Dabei besteht ein enger Kontakt zur Praxis. "Aus der Sicht der Universitätsleitung hat das Institut für Genossenschaftswesen in sechs Jahrzehnten hervorragende, erfolgreiche Arbeit geleistet und damit nicht unwesentlich zum Ansehen auch der Philipps-Universität beigetragen", resümierte Nienhaus.
Das als Stiftung des öffentlichen Rechts eingerichtete ifG wurde im Jahr 1947 gegründet. Damit ist es das älteste deutsche Genossenschaftsinstitut. Heute zählt es unter den im deutschsprachigen Raum insgesamt 13 Geno-Instituten zu den führenden, nicht zuletzt wegen seiner engen Verzahnung von Theorie und Praxis sowie seiner Interdisziplinarität.
Gründung und Aufbau gehen zurück auf eine gemeinsame Initiative der Wissenschaft, der genossenschaftlichen Praxis sowie der hessischen Landesregierung.
"Hätte die hessische Landesverfassung nicht schon 1947 festgeschrieben, dass das Genossenschaftswesen zu fördern sei, so müsste man dieses jetzt nachholen", begann Prof. Dr. Paul Kirchhof sein Plädoyer zur "Aktualität der Genossenschaft im weltoffenen Markt". Der ehemalige Bundesverfassungsrichter und derzeitige Direktor des Instituts für Finanz- und Steuerrecht der Universität Heidelberg ist überzeugt: "Wir brauchen diese Wirtschaftsform in unserer Gegenwart mehr denn je, um eine Handlungsform des Wirtschaftens zu geben, in der Nähe und Identität eine Rolle spielt."
Das Genossenschaftswesen stelle so ein Gegengewicht in der Globalisierung da, in der Großorganisationen die Wirtschaft beherrschen. Das Wirtschaftsleben werde immer kartell-ähnlicher und auf Shareholder Value ausgerichtet. Gerade in Aktiengesellschaften sei die Kapitalbindung immer flüchtiger und gleichzeitig anonymer zum Beispiel durch Anlage in Fonds.
In diesem Kontext biete die Wirtschaftsform einer Genossenschaft unter anderem durch eine Einheit in Region, Struktur und Kultur eine Alternative. Sie vereine die strukturelle Bindung des Kunden-Anliegens mit dem des Kapitals.
Unterstützt wurde Kirchhof von Dr. Christoph Pleister, dem Präsidenten des Bundesverbandes der Deutschen Volksbanken und Raiffeisenbanken: "Genossenschaftsbanken begreifen sich ganz bewusst als Gegengewicht zu anonymen globalisierten Wirtschaftsstrukturen."
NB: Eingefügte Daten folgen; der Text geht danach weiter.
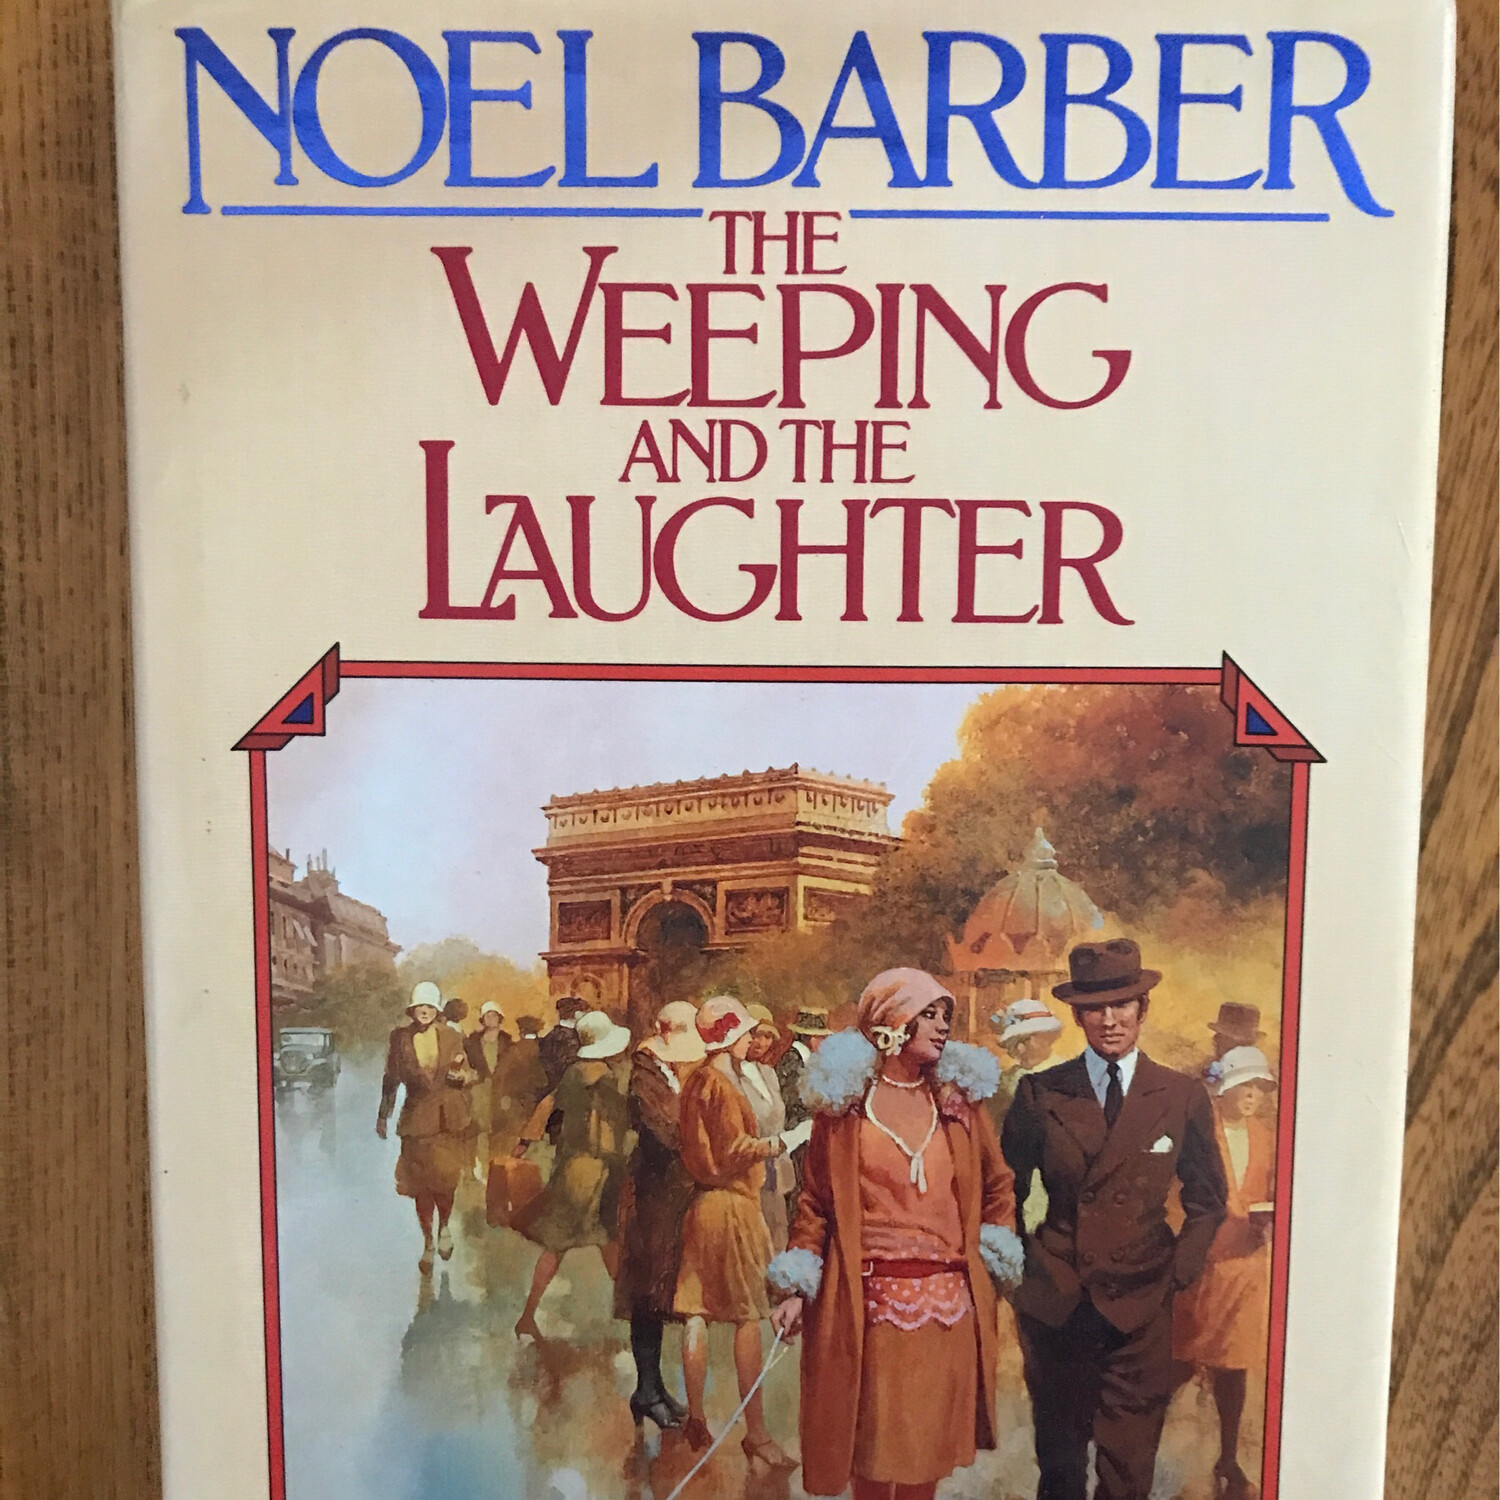 The Weeping And The Laughter, Noel Barber

Gleichzeitig seien sie mit ihrer privaten Rechtsform, ihrem mitglieder- und kundenbezogenen Unternehmensauftrag und ihrem dezentralen Unternehmertum die beste Lösung bei der flächendeckenden Versorgung der Bevölkerung und der mittelständischen Wirtschaft mit Finanz-Dienstleistungen, behauptete Pleister.
Kirchhof und Pleister waren sich einig, dass gerade die heutige Zeit viele Weiterentwicklungsmöglichkeiten für das Genossenschaftswesen biete und damit auch das Marburger Genossenschaftsinstitut weiterhin eine Fülle von Themen zu bearbeiten habe. Natürlich sei der Spagat in der Zusammenarbeit von Wissenschaft und Praxis nicht immer einfach, erinnerte IfG-Direktor Prof. Dr. Volker Beuthien: "Die Wissenschaft strebe geduldig nach Erkenntnissen, die Praxis dagegen fordere ungeduldig Ergebnisse."
Gerade die system-immanente Reflexion an und in der Praxis forderte der Vorstandsvorsitzende der Fördergesellschaft des ifG, Walter Weinkauf. Er sah "Wissenschaft als Vordenkerin der Praxis, die Impulse zur Fortentwicklung der Realität" gibt.
Prof. Dr. Stefan Dierkes kündigte an, dass das ifG einerseits den Kontakt zu seinen Mitgliedern weiter intensivieren werde und andererseits den Gedanken des Genossenschaftswesens wieder stärker in die Lehre hineintragen werde unter anderem durch Lehrbeauftragte aus der Praxis.